If you plan to sell your house and buy, say, two houses for your two children using the capital gains, and also want to save tax levied on long-term capital gains (LTCG), the budget 2019 has something for you. It proposes that taxpayers can reinvest their gains in two residential properties to save LTCG tax from fiscal year (FY) 2020.
Gain from sale of a residential property (land, house or apartment) within two years of its purchase is considered short-term capital gain (STCG); after two years, the gain is considered LTCG. While STCG is taxed at the slab rate, LTCG is taxed at the rate of 20.6% (including cess) with indexation (Read how to calculate the indexed cost of a property here)
Currently, if you want to save LTCG tax on the gains made from selling a house, you are allowed to reinvest the profit in a single property or other specified instruments. LTCG arising from the sale of an immovable property is exempt from tax under Section 54 of the Income-tax Act, 1961, if the sum is used to acquire a single residential property, within the stipulated timeline.
The assessee needs to buy the new property within one year before the date of transfer of the property or two years after the transfer. In case of under-construction properties, the construction needs to be completed within three years from the date of transfer.
However, in budget 2019, finance minister Piyush Goyal proposed that, “the benefit of rollover of capital gains under Section 54 of the Income Tax Act will be increased from investment in one residential house to two residential houses for a taxpayer having capital gains up to ₹2 crore".
You, however, need to keep in mind that this benefit can be only availed once in a lifetime. This means that if you spread out your capital gains in two different properties, the next time you have LTCG from sale of a house, you can’t spread it again over two properties to save LTCG tax and restrict yourself to one property.
whom does it benefit?
This will benefit a lot of sellers, especially those who want to sell an existing house and buy two smaller houses for their children or for any other purpose.
However, “in case someone makes LTCG gains of more than ₹2 crore, she will not get benefited from the amendment proposed in the budget," said Amit Maheshwari, partner, Ashok Maheshwary and Associates, Llp, a chartered accountancy firm.
In such cases, sellers will need to invest the entire LTCG in only one property to avoid LTCG tax. They can, however, look for other avenues to save this tax.
Also, “it may not apply to existing unutilised capital gain lying in capital gain account which are to be utilised for buying or constructing house property in 2 or 3 years respectively," said Kuldip Kumar, partner and leader personal tax, PwC.
Apart from reinvesting in a residential property, you can also avoid paying LTCG tax by investing the capital gains in specified bonds under Section 54EC of the Income Tax Act. However, the total investment limit in these bond is restricted to ₹50 lakh to avail the benefit.
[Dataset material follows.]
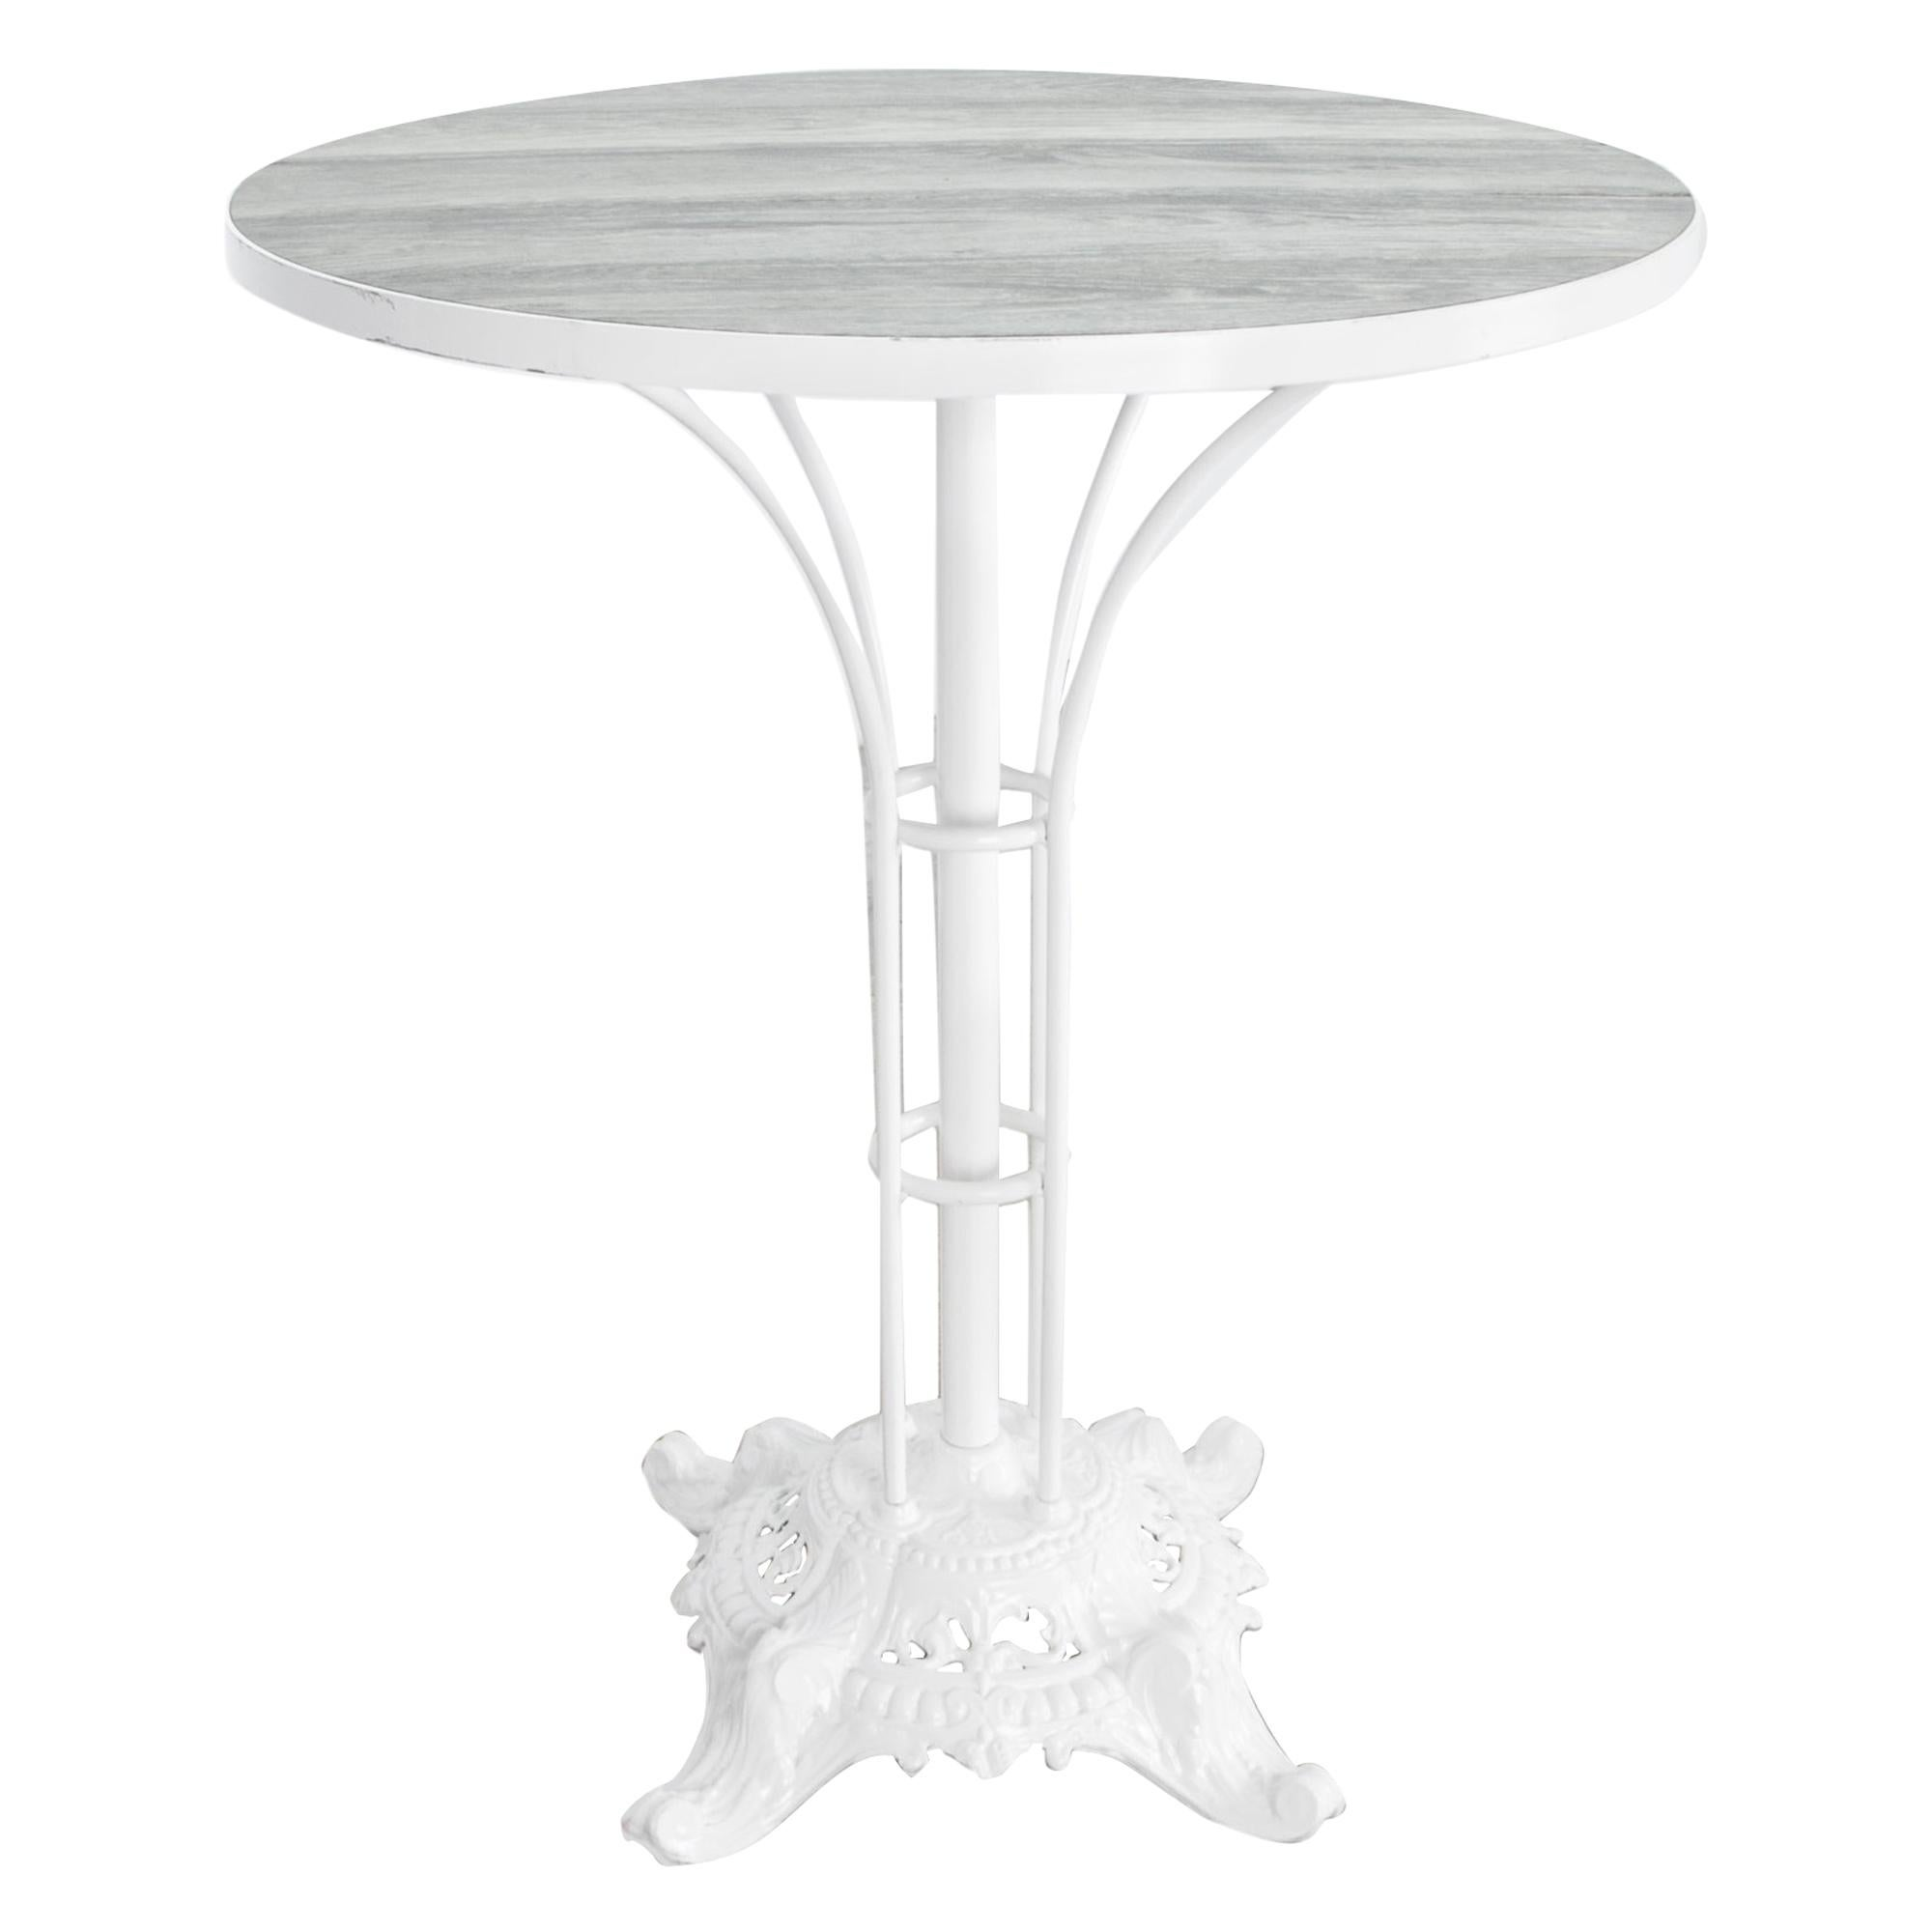 Enamelled Steel Table with Oak Top

Also, LTCG from sale of a residential property becomes tax-free if the sale proceeds are invested in a small or medium enterprise in the manufacturing sector. Such investment can be made anytime within six months from the date of transfer of assets.
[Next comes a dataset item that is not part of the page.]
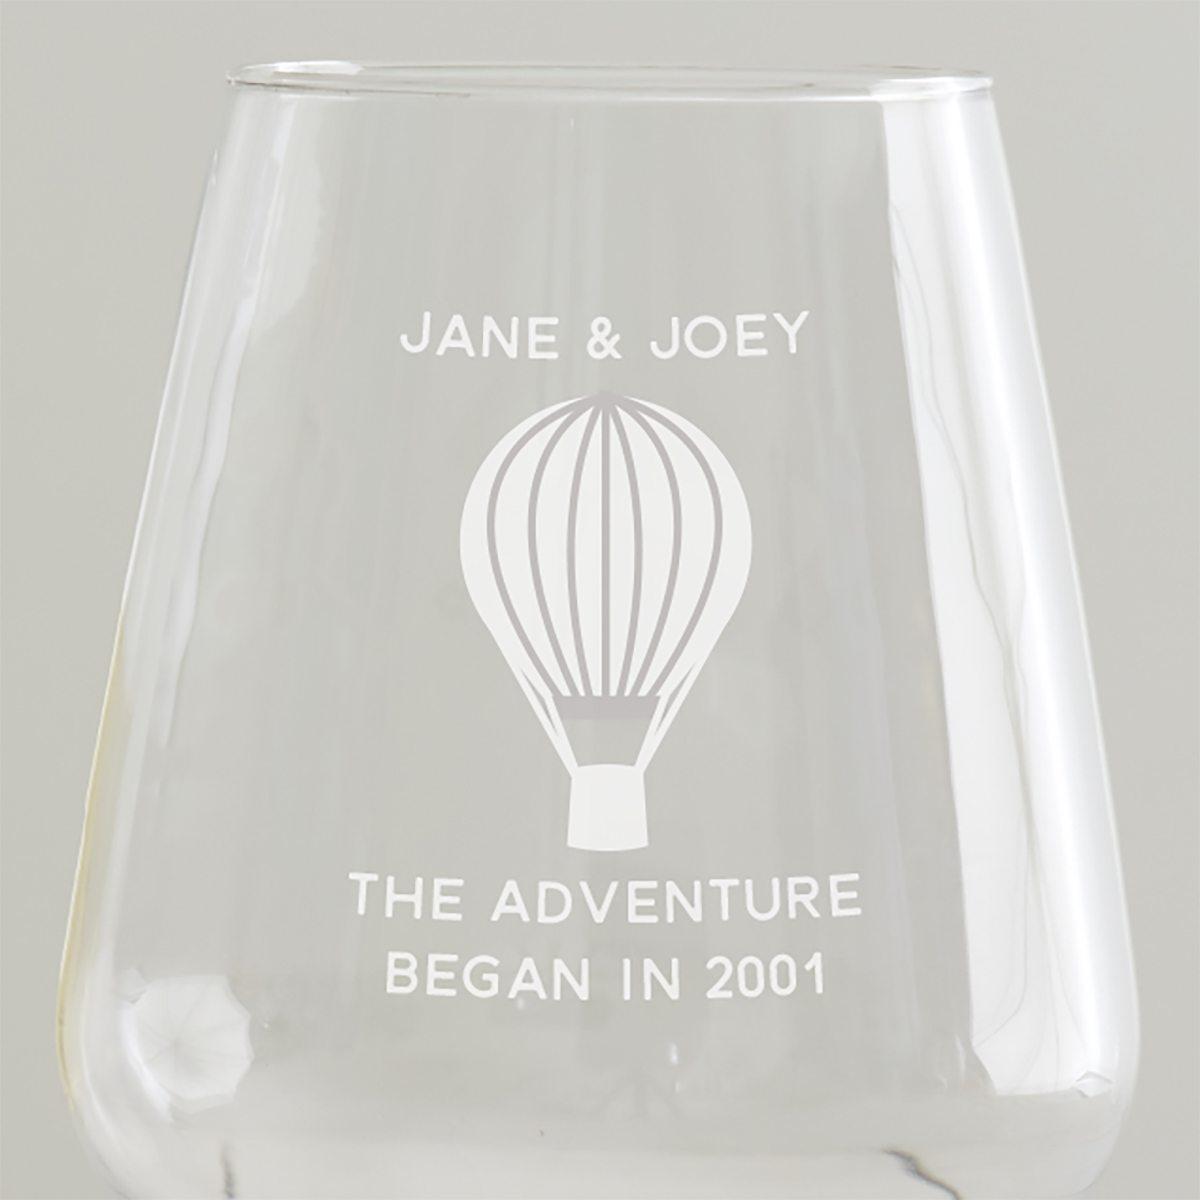 Personalised 'Adventure' Anniversary Wine Glass Set

However, the funds have to be used by the company to acquire new plant and machinery before the due date to furnish tax returns for the relevant financial year. Besides, the equity holding or voting power of the assessee after the investment should be more than 50% in the firm.
If you are unable to use the sale proceeds immediately, you can deposit the amount in a Capital Gains Account Scheme (CGAS). The amount has to be parked in CGAS with the intention to use the funds to buy a new house within two years or to construct one within three years of the deposit.
Remember that if the new property is sold or the bonds are redeemed within a period of two years, the exemption claimed with respect to the old property shall be revoked. Even if you take any loan or advance against the security of these bonds, they will be deemed to be converted into cash, and you would need to pay LTCG tax.